I think the fees may vary state to state and there could even be some states where primary school level fees are waived for temporary residents and I've even seen such a comment for SA but information on the internet can easily get out of date.
The advice you got could have come from http://www.internationalstudents.sa.edu.au/files/links/Fee_Schedule_2010.pdf and there's also a reference on Tuition fees
I doubt you'll get much joy re private schools and then of course there's the issue of getting them in.
Seeing as they're just 4 & 6 , the younger one will not really need to line up until next year at the earliest.
If your wife will not be working to start with, is home education an option and in getting a curriculum from a local school, I'd not be surprised if it would be possible to even get them further advanced with 1 on 2 attention, making them extra savvy with the net and learning from the masses of info available.
And you could still get them joined up to all manner of kid activities like little athletics, the local swimming club and other sports so as they'd not be missing out on the social aspects.

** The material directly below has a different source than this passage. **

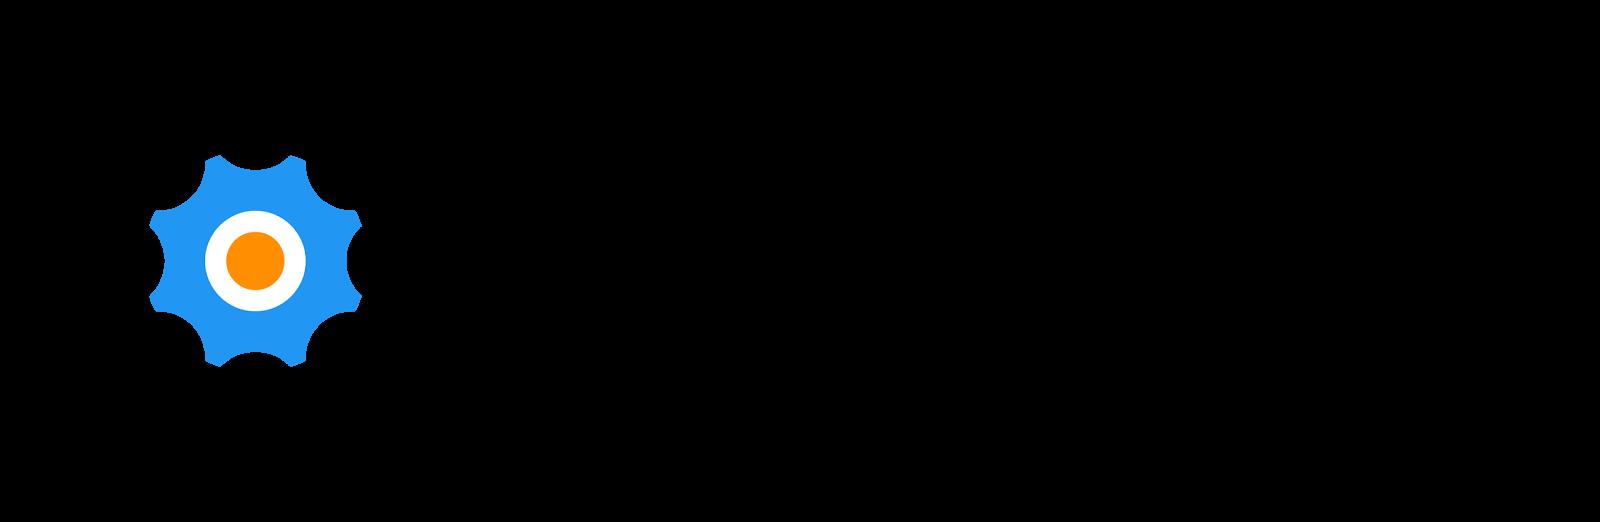 logo google code-in smak 1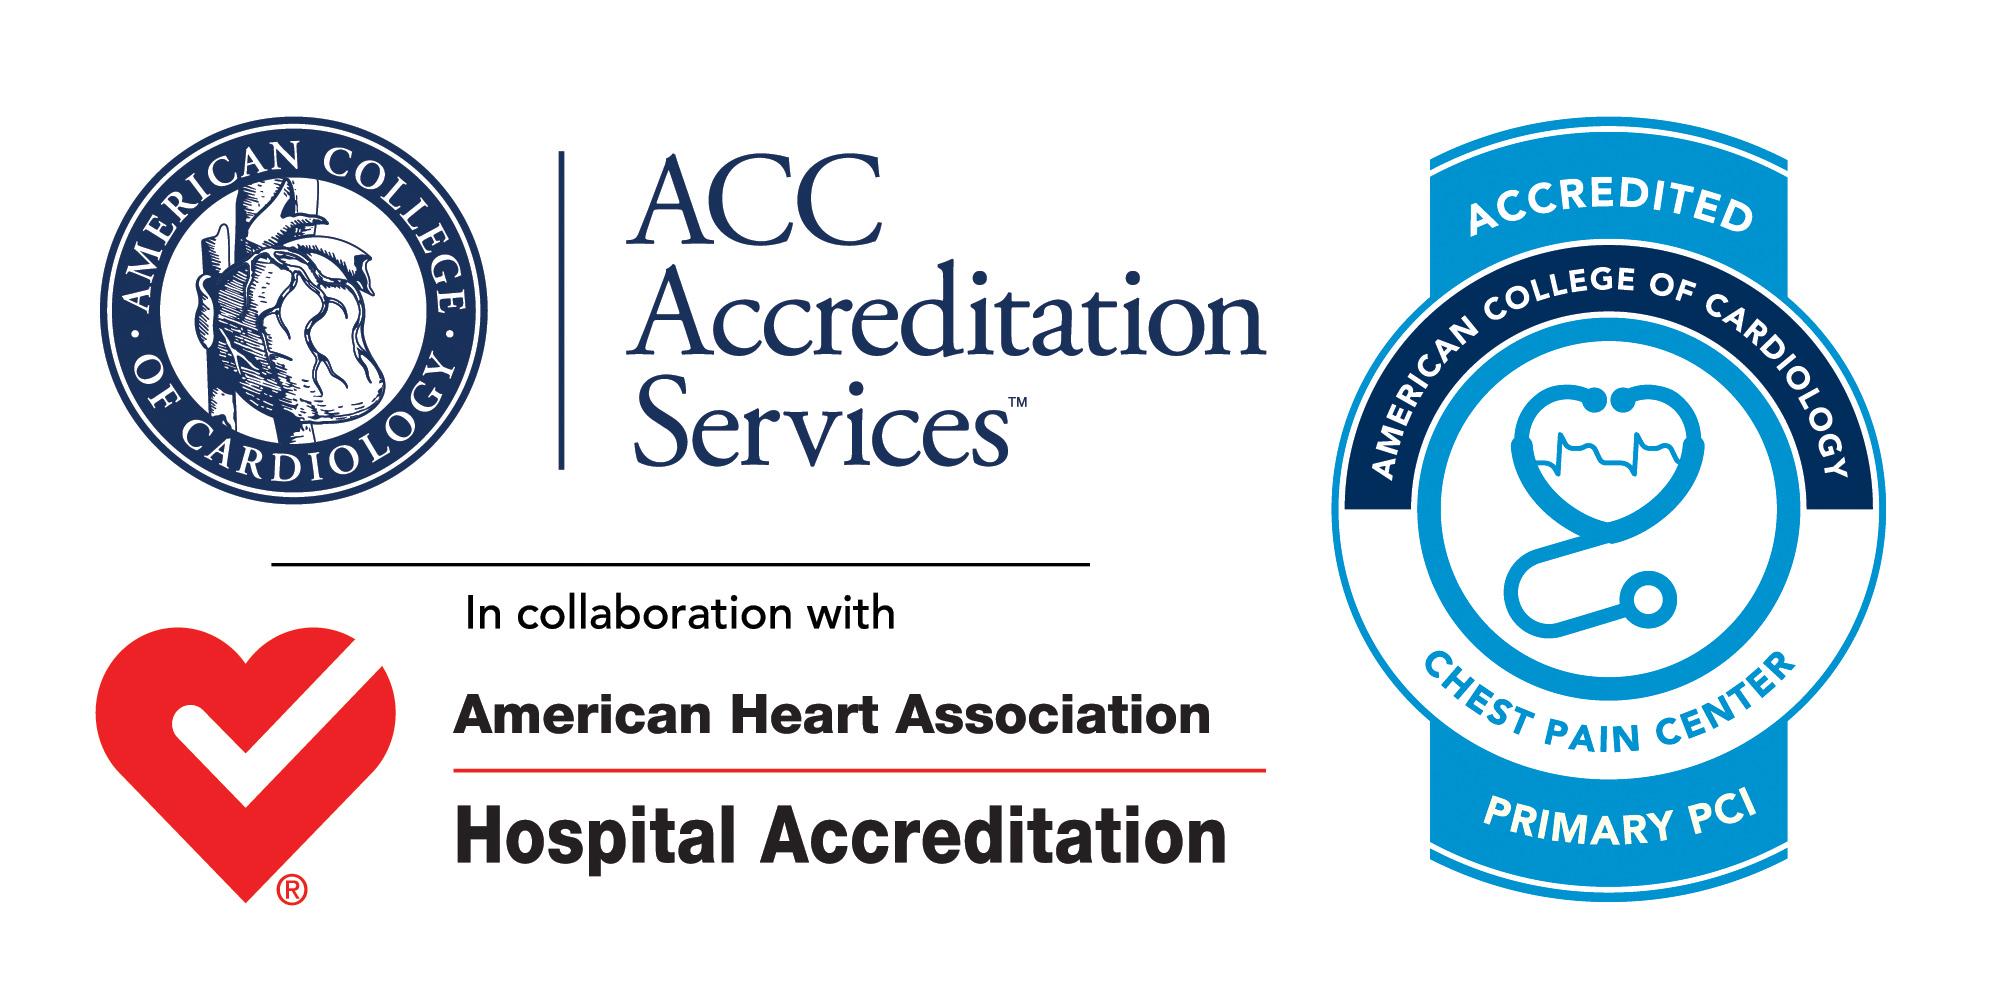 Heart Care Services in Birmingham, AL

Alternately, have you looked into official adoption to see if that'll make a difference to fees.
With the visa in general, has your agent had you yourself get an Australian police clearance because that is a requirement where children are involved in immigrating.


----------



## brettjb (Jun 25, 2010)

Hi there,

Thanks for the reply. The information we are going on was provided to us by DECS directly, so the fees are going to be a definite, unfortunately.

As for home schooling, we were hoping to avoid this situation for practical purposes. Whilst awaiting the VISA approval for my wife, she was planning on spending her months continuing her training as a custom jeweller. She is very skilled, and having just completed one of the best courses in the US just recently, she needs to continue with a lot of follow up practice to ensure she has good employment opportunities when she is able to work.

As for the AFP check, yes, all done and clear! 

You mentioned adoption. One of the reasons I have actually been here in the US for the past months is because I am in the process of adopting her children. The government here is notoriously slow and whilst it was meant to have been completed a couple months ago, we still have not even been given a date (and can't see how it could go through now in time for us returning).

Would it make a difference if they were adopted? I have proof that we are undergoing the process. Perhaps I should chase this up and find out?

Thanks again.
Brett


----------